Created attachment 1712946 [details] Hub Kubelet Master-0 Adding a log file from affected node where, we restart the kubelet and fails again (look for "Unauthorized")
I'm setting this to a high priority / severity since when this occurs, a Node is in a very broken state until kubelet gets restarted.
If It's necessary the environment could be redeployed to reproduce the state and try to fix the bug.
As you know, to maintain this environment in this state with the error replication and so on, will block us in some ways, then we could have this environment as it is for ~8 more bussiness days, from that date we will repurpose the envieonment for other focus. In order to change the state to replicate the issue will cost us like ~3-5 bussiness days, just to let you know ;)

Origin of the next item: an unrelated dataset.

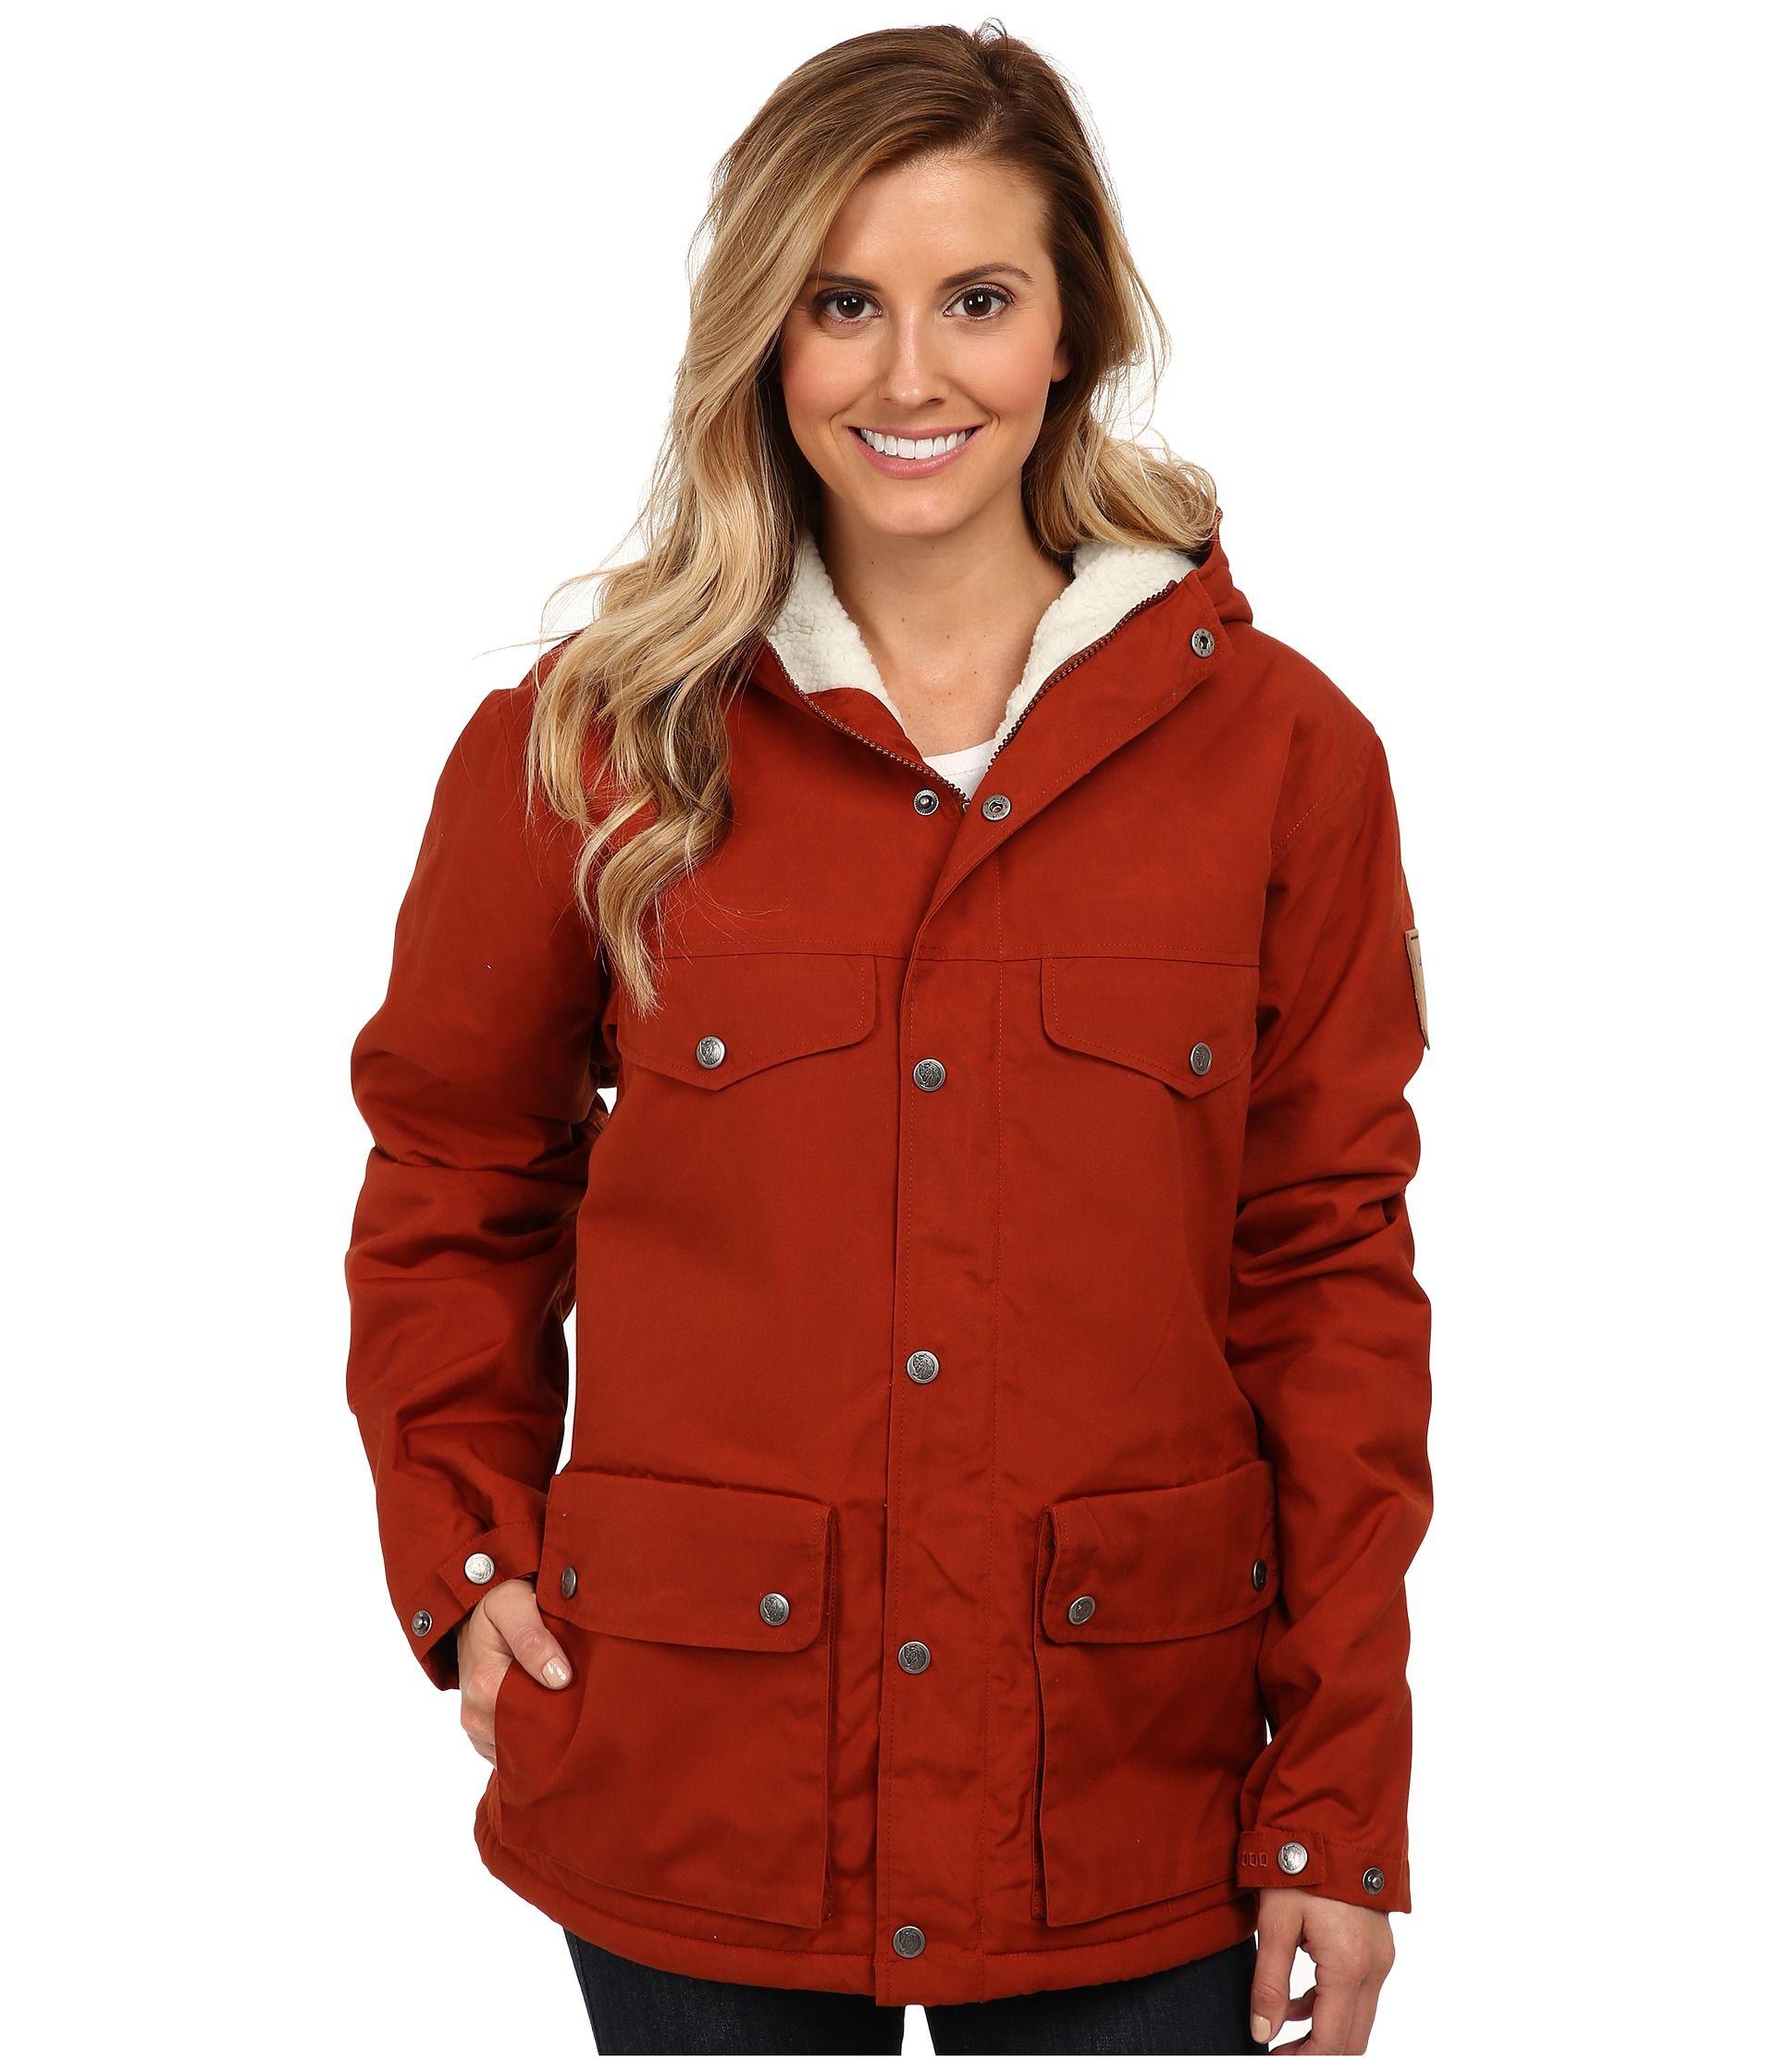 eb7d6bffd33 Fjällräven Greenland Winter Jacket

*** Bug 1872734 has been marked as a duplicate of this bug. ***
*** Bug 1875236 has been marked as a duplicate of this bug. ***
Russell Bryant works on/with the bare-metal team, where NIC resets are most likely to occur vs other platforms. He should be able to recreate the issue.

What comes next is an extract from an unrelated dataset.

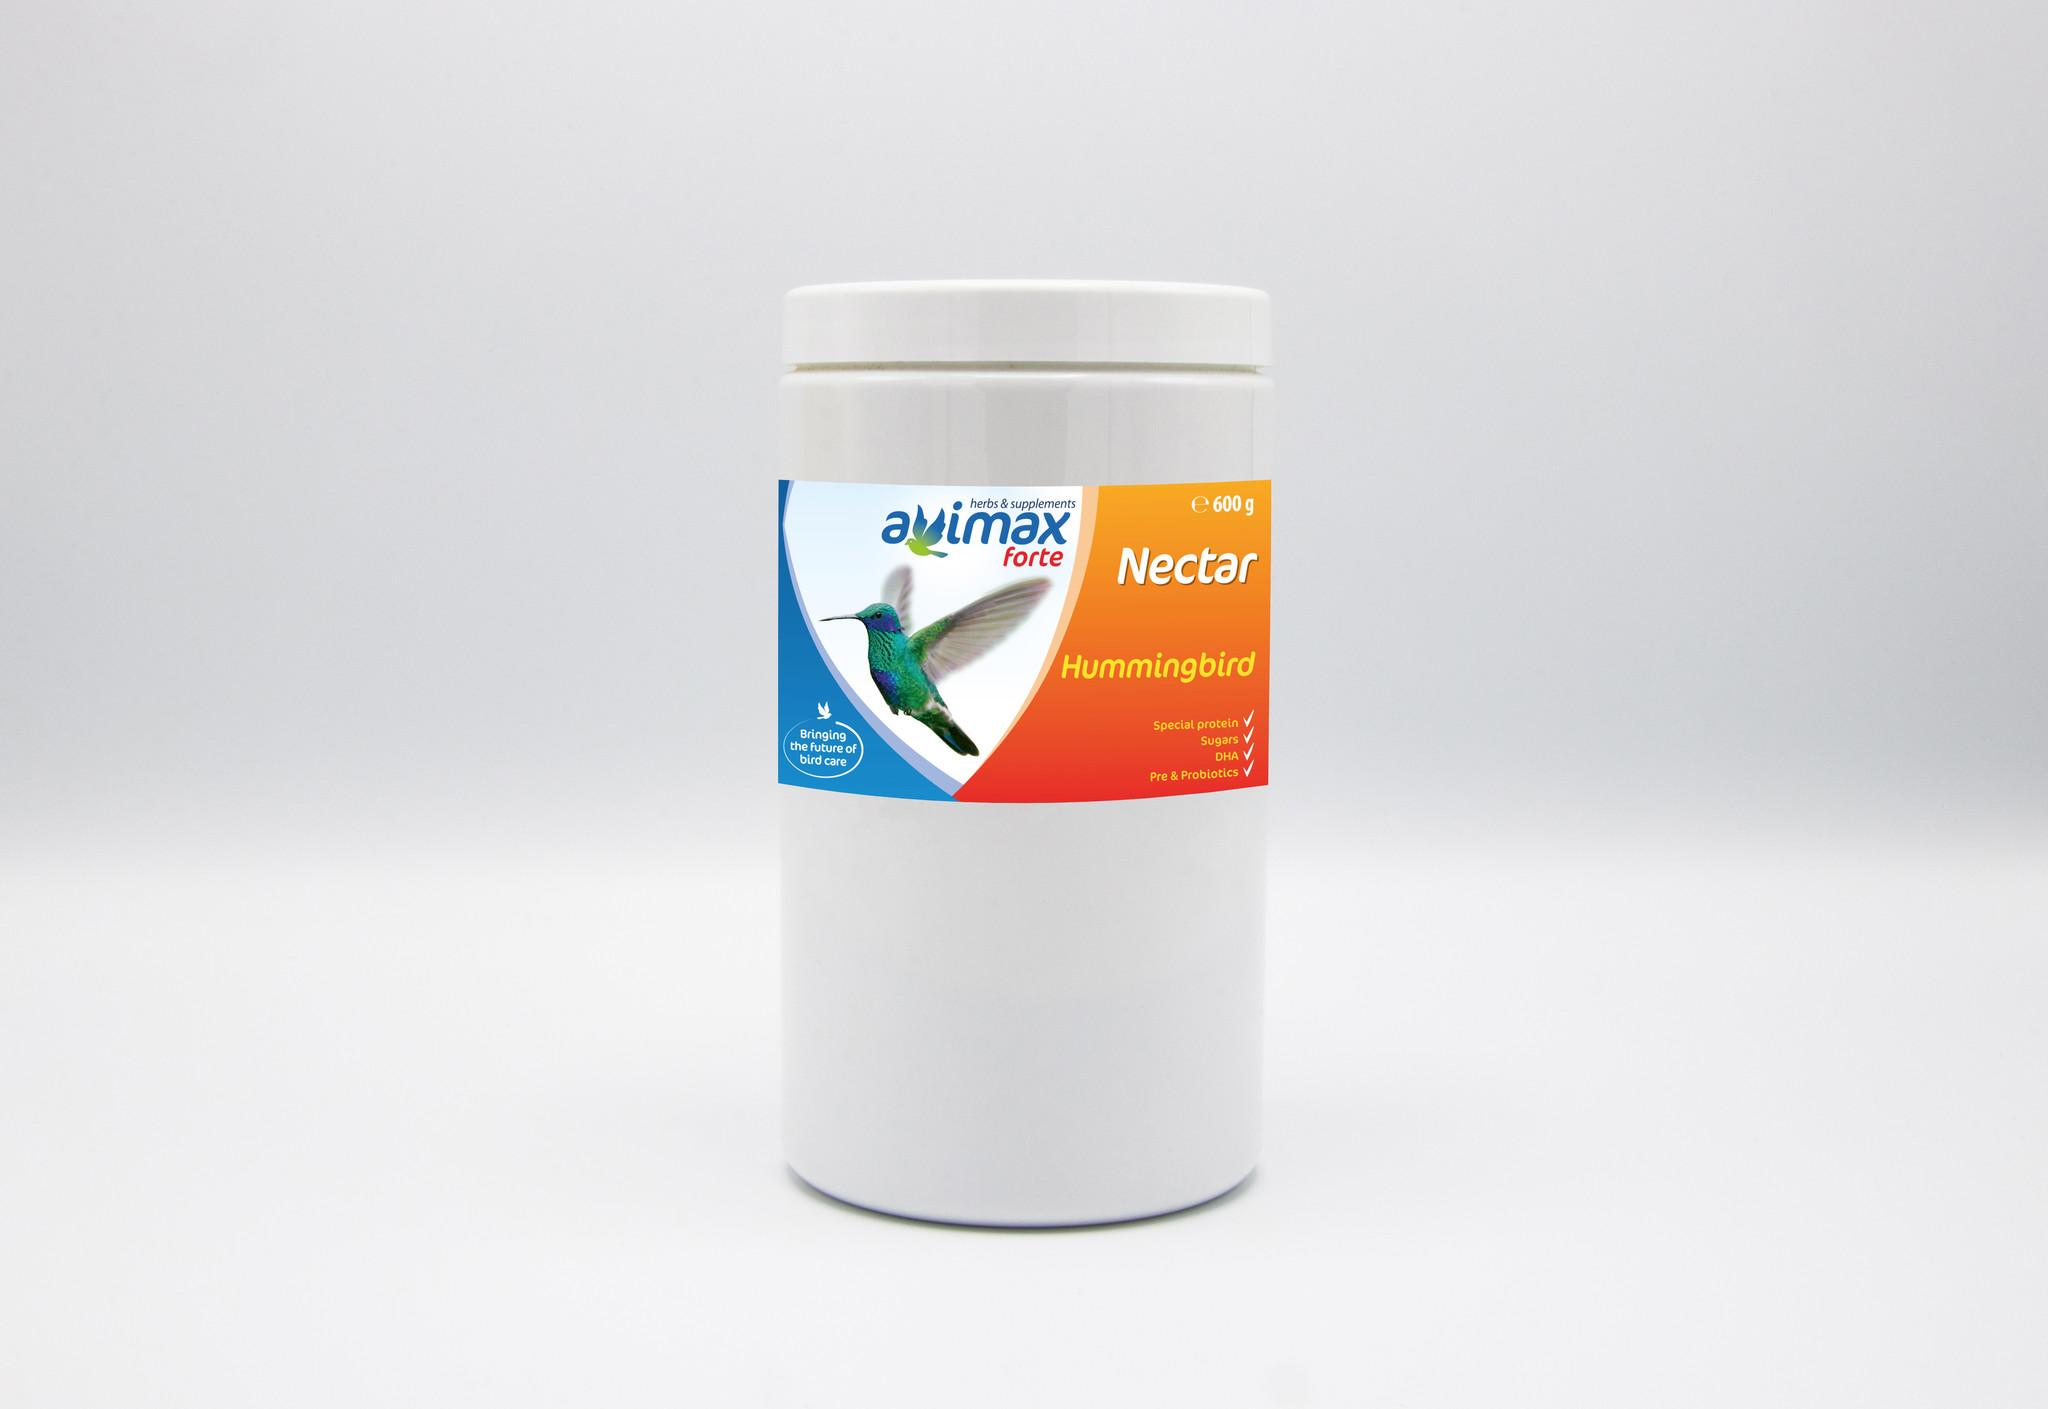 AviMax Forte AviMax Forte Hummingbird Nectar

for testing if upstream fix addresses this issue https://github.com/openshift/kubernetes/pull/398
*** Bug 1873949 has been marked as a duplicate of this bug. ***
*** Bug 1893511 has been marked as a duplicate of this bug. ***
*** Bug 1899109 has been marked as a duplicate of this bug. ***
Hello, This bug is to get the fix backported to OCP 4.5, Could you please confirm the fix release date for OCP 4.5 ? Thanks in advance.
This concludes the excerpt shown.